Just months ago, he was facing a possible 10-year jail term for practising a cultural fishing tradition handed down by his elders in a case was abandoned by state prosecutors 11 days into the trial.

"I've been to court around four times," he said. "It's not a good look for our culture and it scares a lot of the next generation to do what we do."

After decades of defending their traditional fishing rights in the courts, Aboriginal custodians on the NSW south coast are now fighting to safeguard their saltwater culture from an even greater, existential threat.

The long-spined sea urchin, endemic to NSW, has exploded in numbers, transforming 50 per cent of the shallow reefs that have sustained south coast people for millennia into barren, white-rock wastelands.

But there is a solution to this ecological crisis.

The NSW government is now backing a plan for an Aboriginal-led sea urchin fishery on the south coast, with a $1.48 million grant to advance sustainable sea urchin management and Indigenous-branded product development.

As part of the plan, John Carriage and his cousin Denzel will train as professional urchin divers under the guidance of diver and exporter Jamie Newman.

Jamie has entered into a partnership with Indigenous non-profit Joonga Land and Water Aboriginal Corporation.

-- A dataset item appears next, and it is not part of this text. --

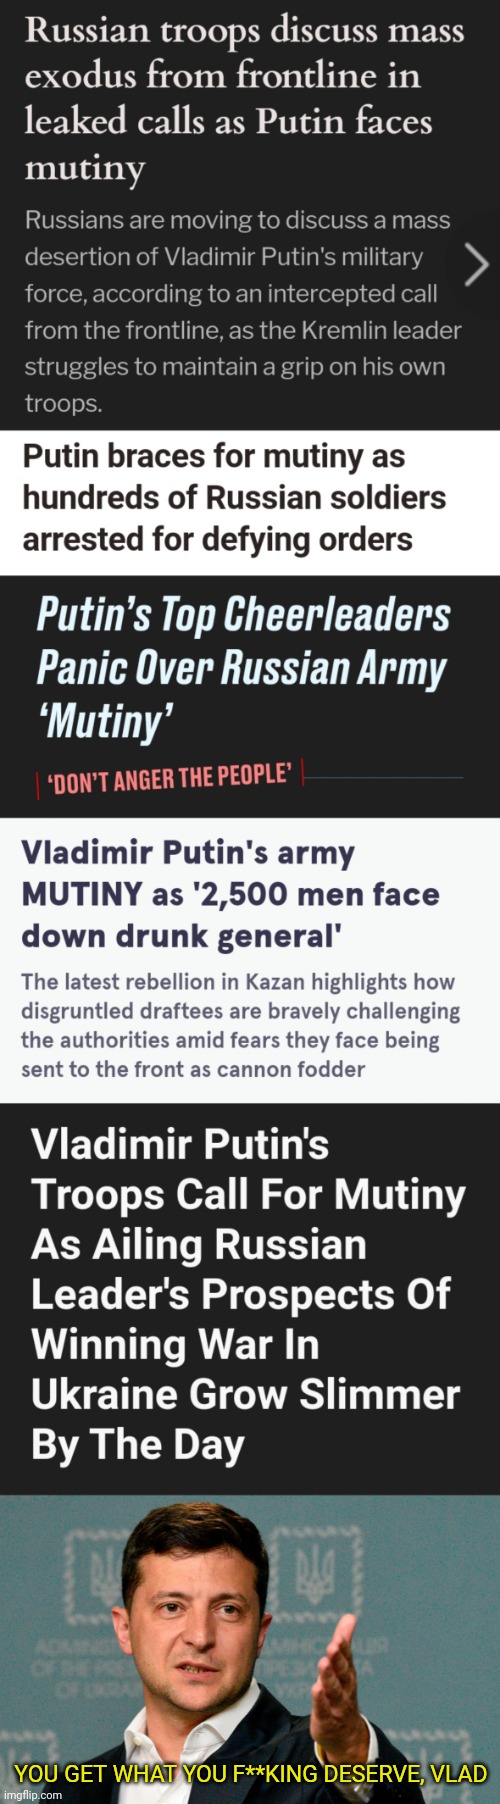 YOU GET WHAT YOU F**KING DESERVE, VLAD | image tagged in ukrainian lives matter,russian lives matter,overthrow putin,alpha jew zelensky | made w/ Imgflip meme maker

He is passionate about building a "forever industry" that regenerates the reef ecosystem.

"Every time we're taking a sea urchin out, we're allowing the weed to regrow," he said.

A 'Goldilocks zone' for sea urchins

While decades of overfishing of urchin predators like grouper, snapper and crayfish have allowed sea urchins to proliferate in NSW, rising sea temperatures are extending their range into Victoria and Tasmania, devastating kelp forests across a 2,000-kilometre stretch of Australia's Great Southern Reef.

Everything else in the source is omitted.